Pretty much what he said lol

Tho I don’t have green eyes. Mine are brown. Nobody is ever able to tell where I’m from


----------



## Mider T (Feb 2, 2018)

jayjay³² said:


> Call it ego, or cockiness, but at this point, I have no reason to deny my hierarchy in physical appearance, as the patterns are too clear that I'm not simply above average in appearance.


I love this


savior2005 said:


> You're joking rite? r-r-rite? cuz I saw a recent pic of u in the member photo thread, and you're definately not "maybe a 5.5". Also, you shouldn't compare yourself to girls like that, they have too much filter crap and way too much makeup, to the point where it's laughable.

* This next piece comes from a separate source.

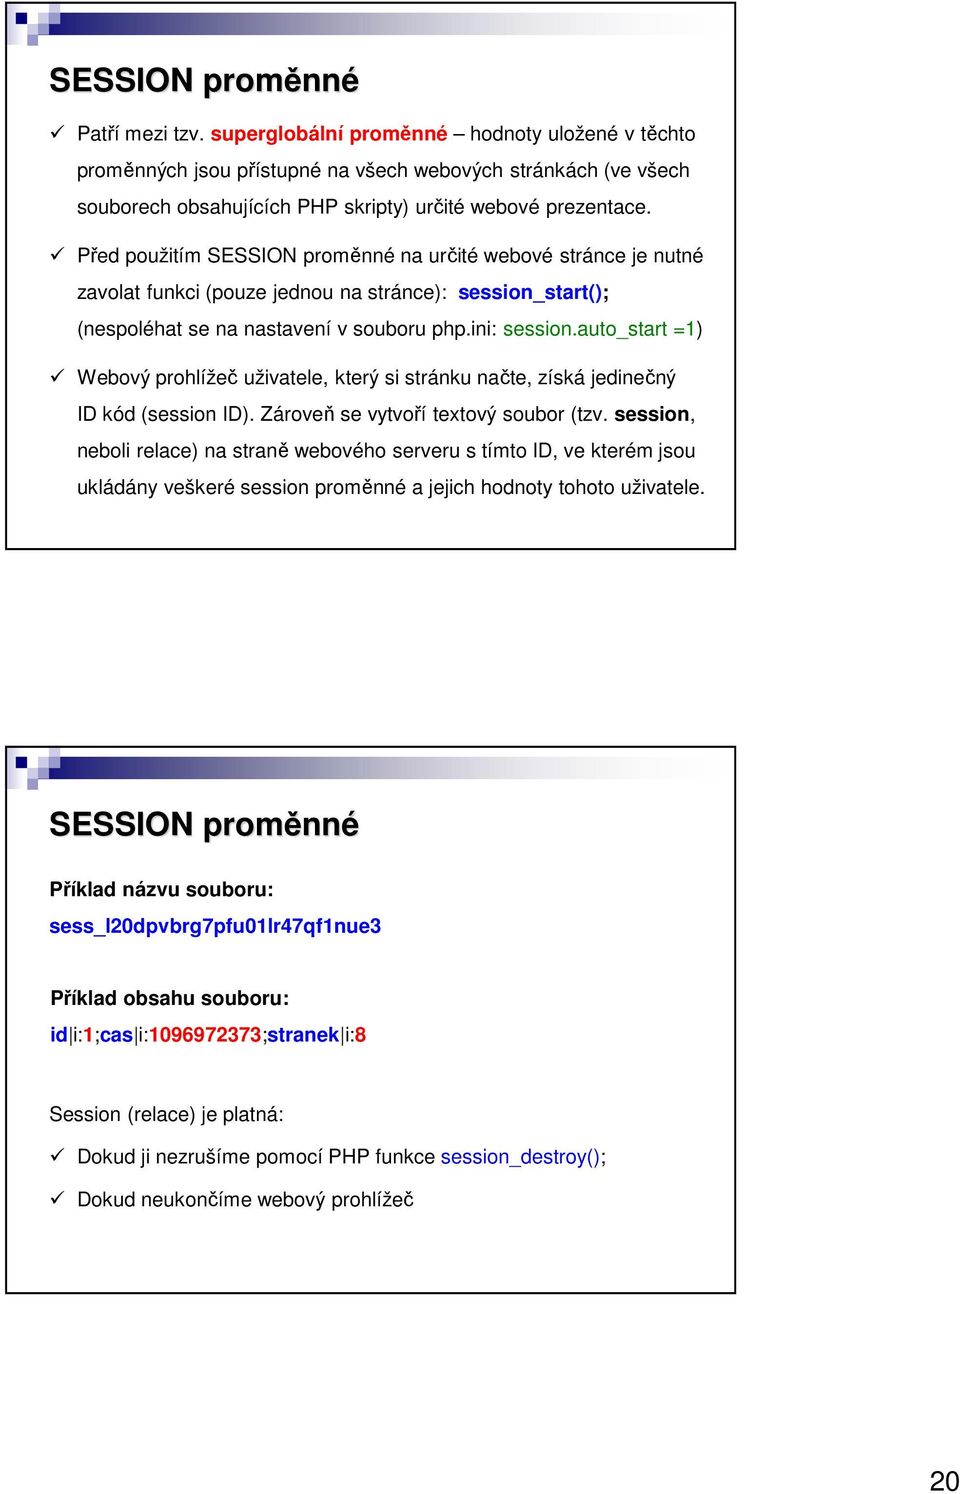 Před použitím SESSION proměnné na určité webové stránce je nutné zavolat funkci (pouze jednou na stránce): session_start(); (nespoléhat se na nastavení v souboru php.ini: session.

If anything, they are the ones with self esteem issues..


In my experience, women who think they're 9s or dimes are usually 6s or 7s at best and vice versa.


Ava said:


> I can relate to people not knowing where I'm from.
> 
> People always assume I am either half white or I'm form Yemen.



From* Yemen?  Kind of a random country


----------



## Kuzehiko (Feb 3, 2018)

6/10
Not bad, not good. I guess I'm average as well.


----------



## Polaris (Feb 3, 2018)

ЯƎWO⅃ᖷ said:


> Nobody is ever able to tell where I’m from


​This seems to be pretty common among exotic-looking individuals. I think it’s because a lot of exotic-looking people tend to be biracial or multiracial.



jayjay³² said:


> I'll have to go with a 9.5 or 10/10. I've done some high-end modelling with Calvin Klein. I go to the gym religiously and maintain what most consider an aesthetic physique. I have girls and guys who swamp my BB.com profile and shower me with compliments there when I post my progress photos. When I post a photo on instagram or facebook, all the comments I get are focused on my physical appearance as opposed to the actual content of the photo. I match incredibly well on tinder and I've dated many girls that I consider 10/10s.
> 
> Call it ego, or cockiness, but at this point, I have no reason to deny my hierarchy in physical appearance, as the patterns are too clear that I'm not simply above average in appearance.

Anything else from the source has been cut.